#### Exercise data ####

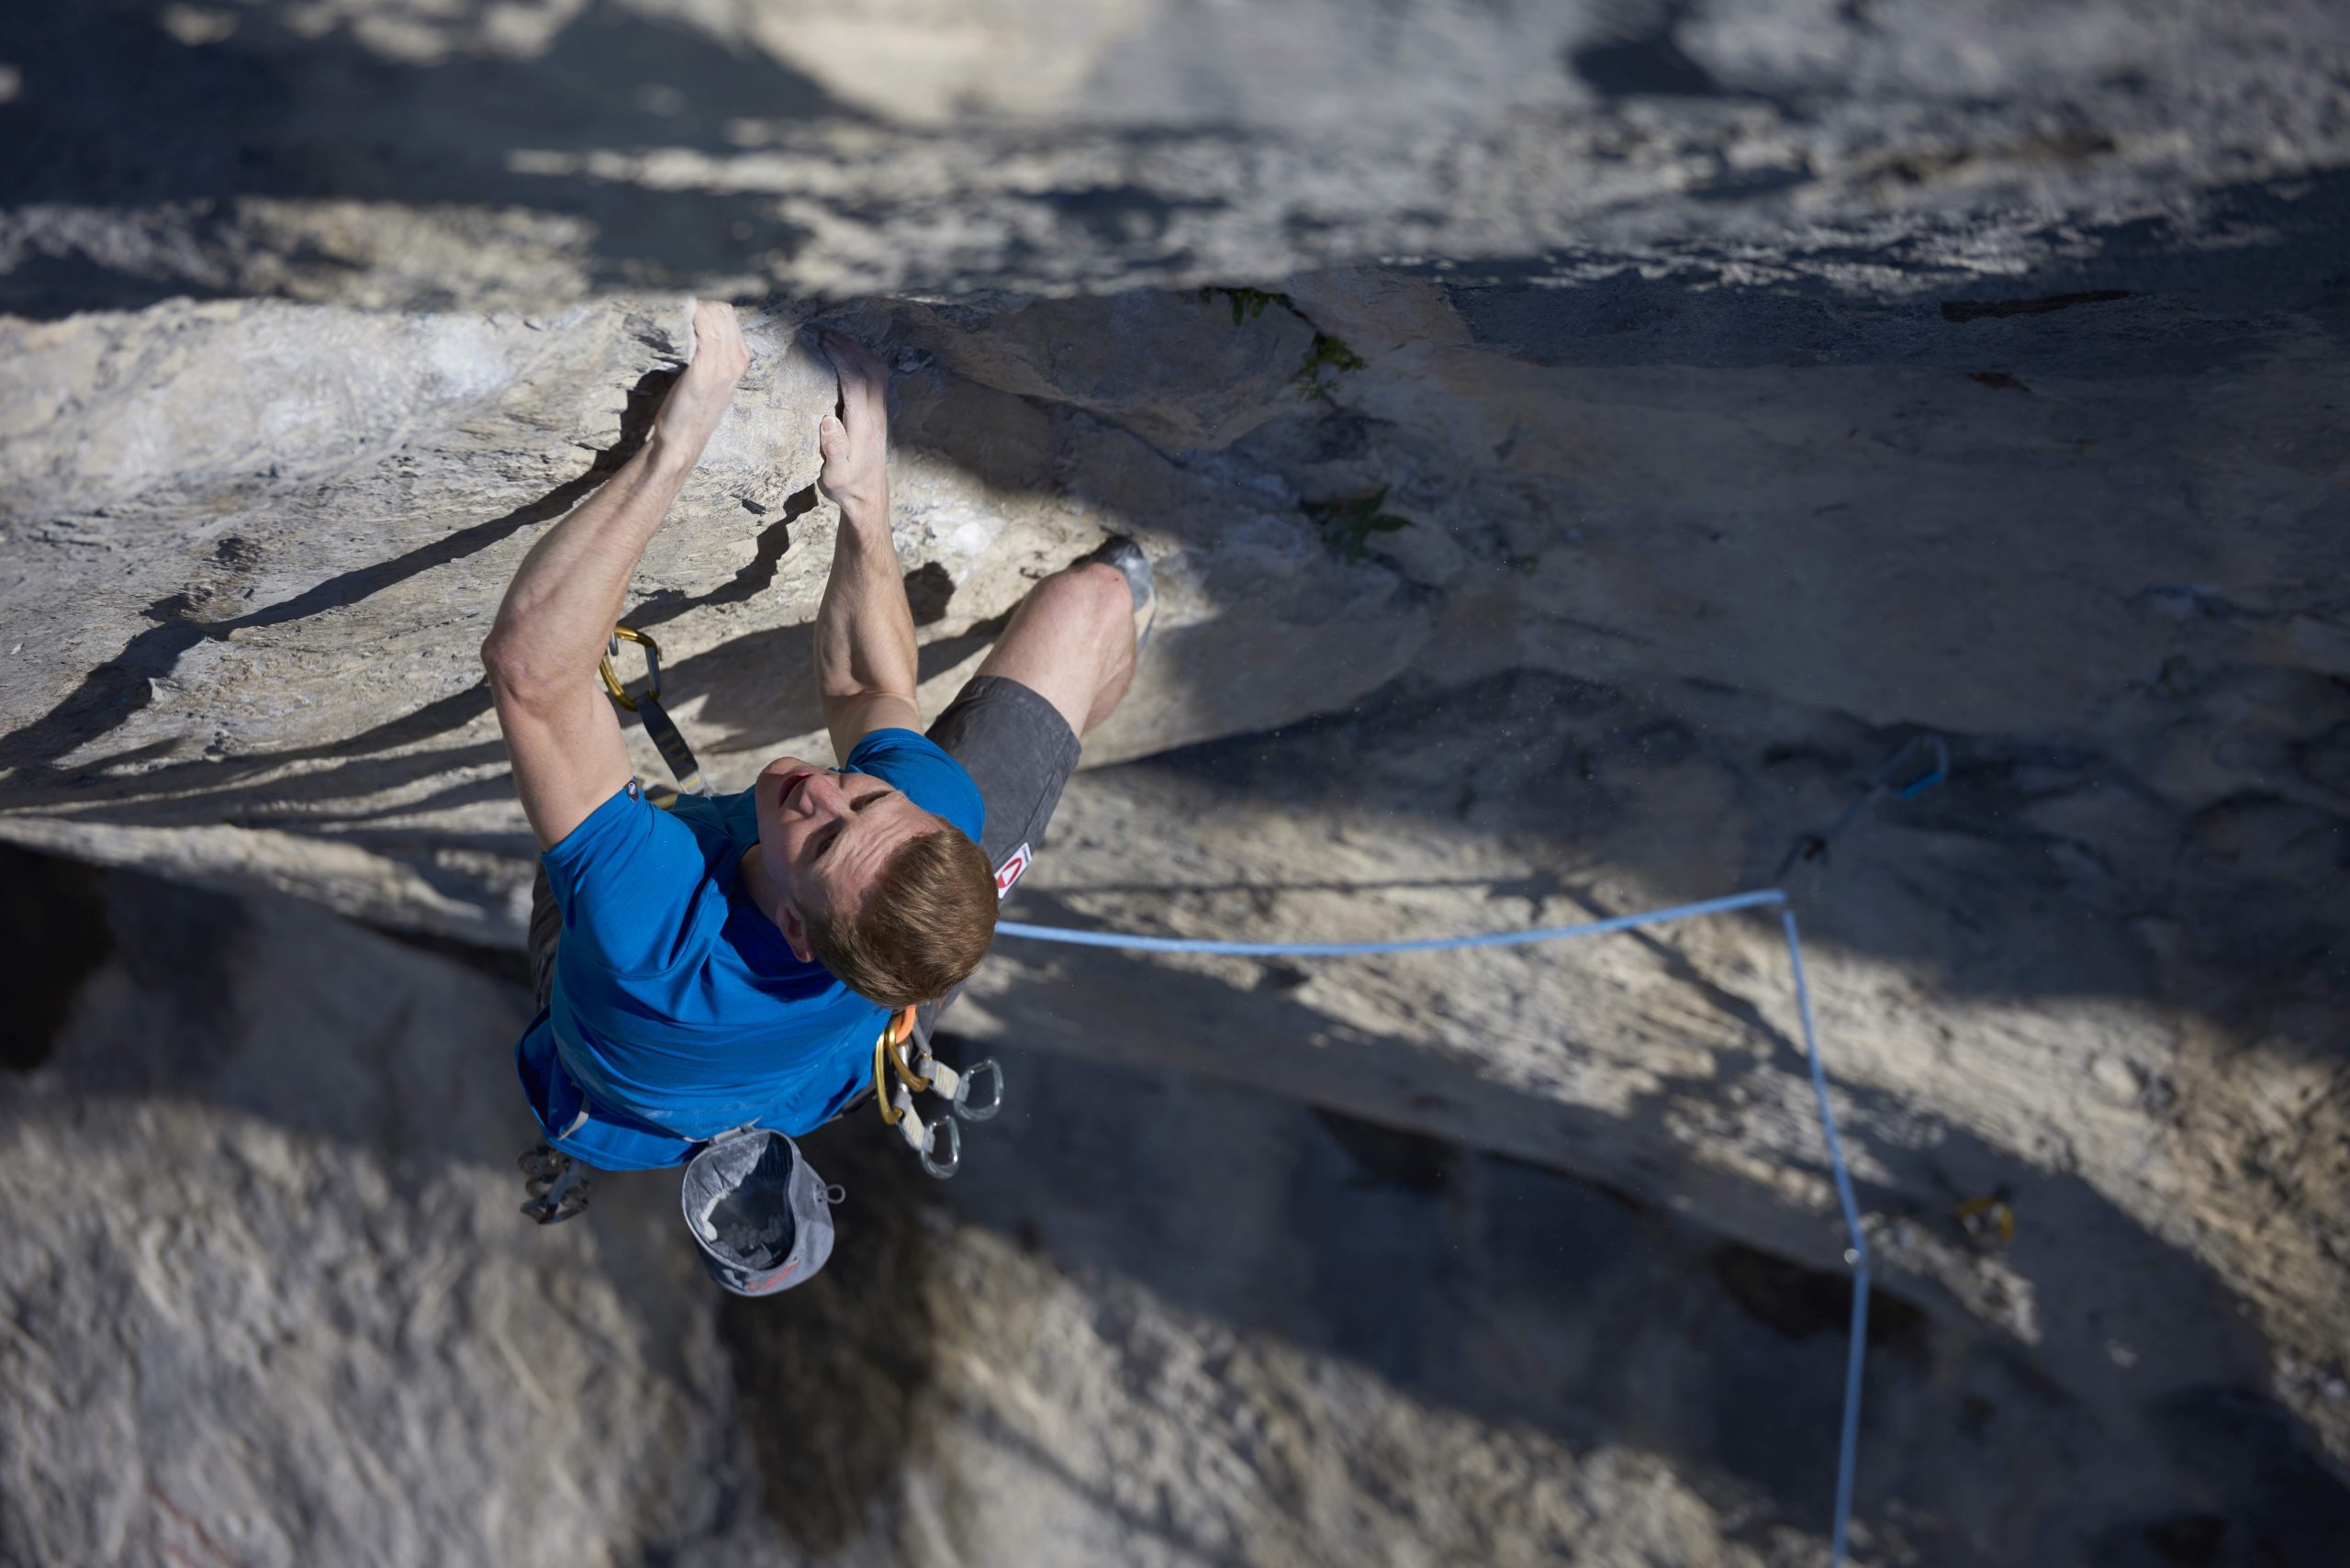 Jakob Schubert in Swingtime, Dschungelbuch, Martinswand, Foto: Michael Meisl I Climbers Paradise
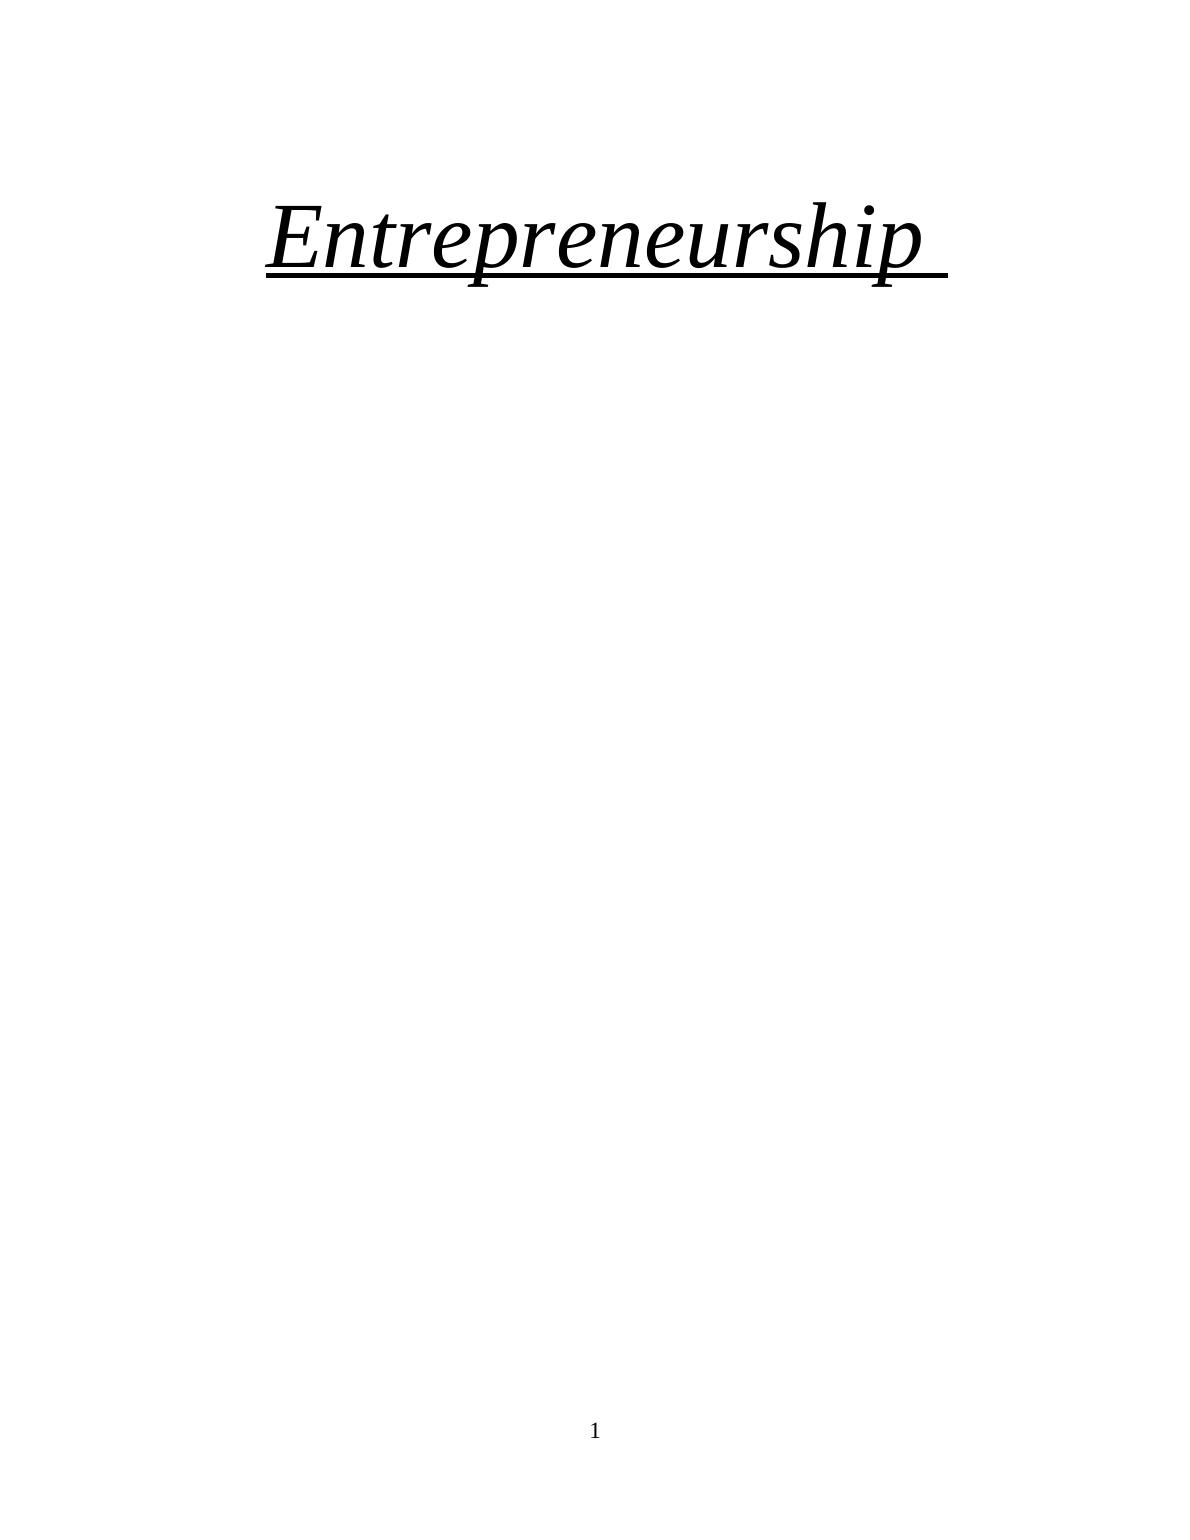 Entrepreneurship in Fast Food Restaurant_1
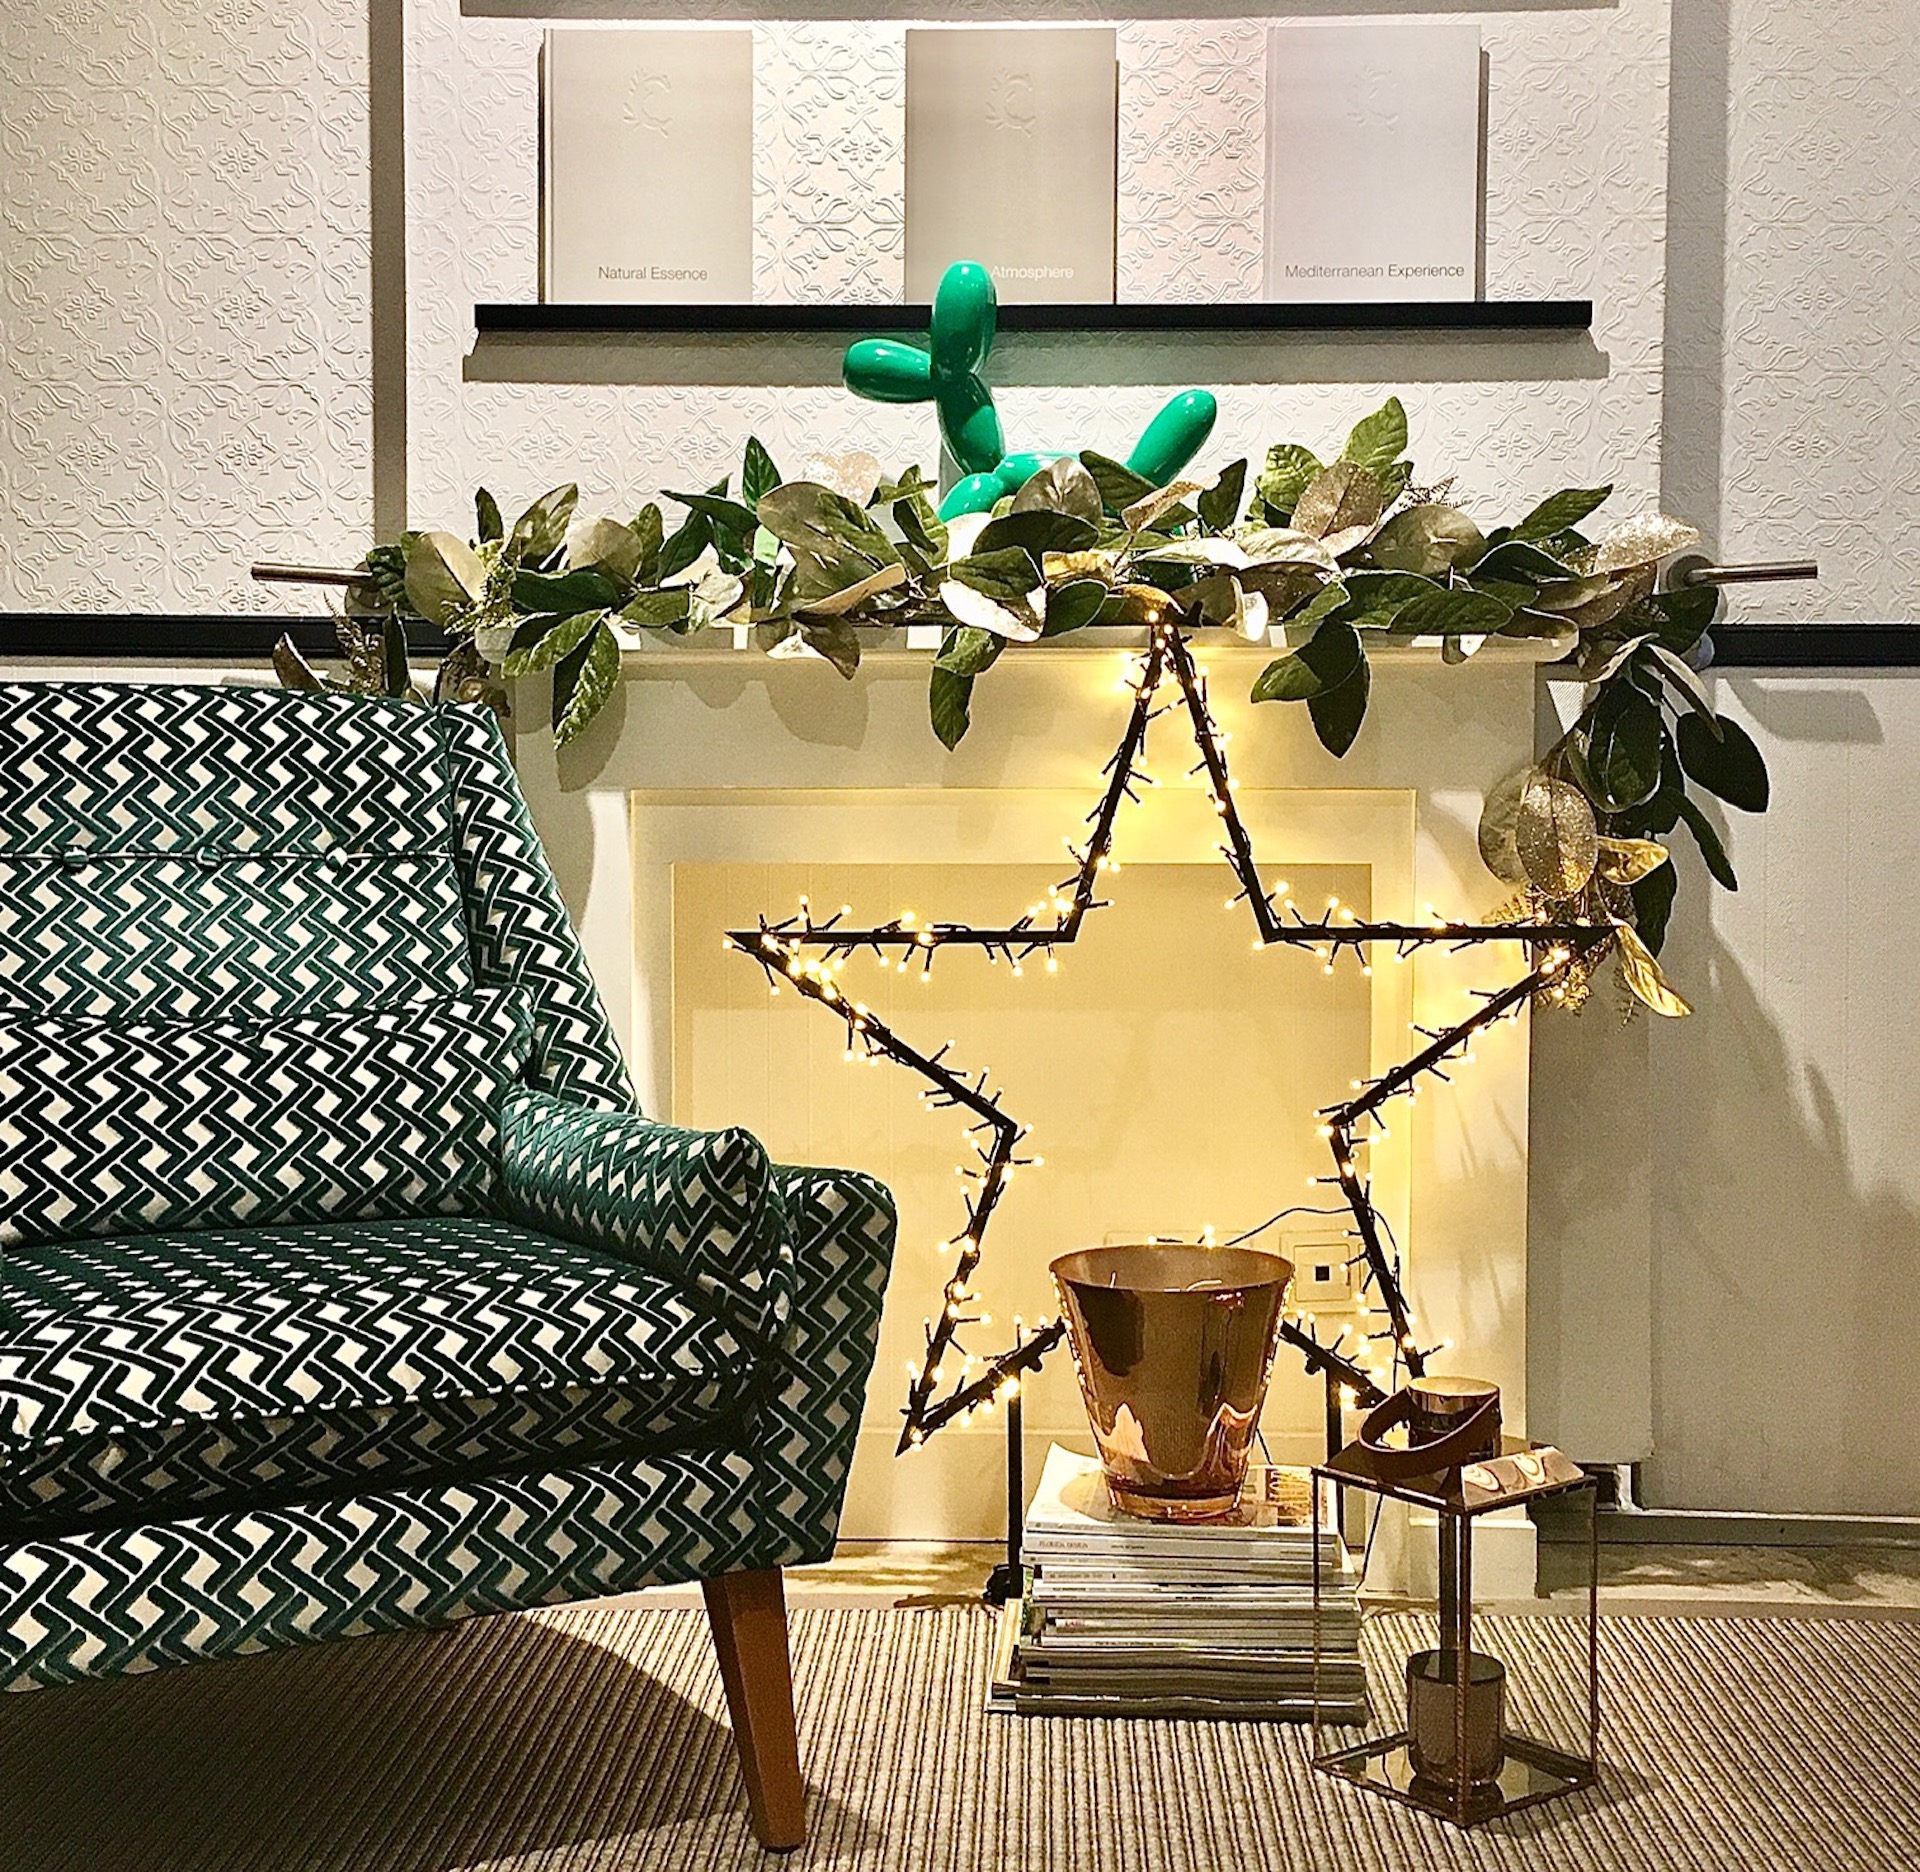 Les claus inspiracionals de la decoració nadalenca 2020, per Eva Mesa

####

- _The problem_
Each line above is to be copied verbatim. Drop any image from the copy.

- _Problem solution_
 Jakob Schubert in Swingtime, Dschungelbuch, Martinswand, Foto: Michael Meisl I Climbers Paradise
 Entrepreneurship in Fast Food Restaurant_1
 Les claus inspiracionals de la decoració nadalenca 2020, per Eva Mesa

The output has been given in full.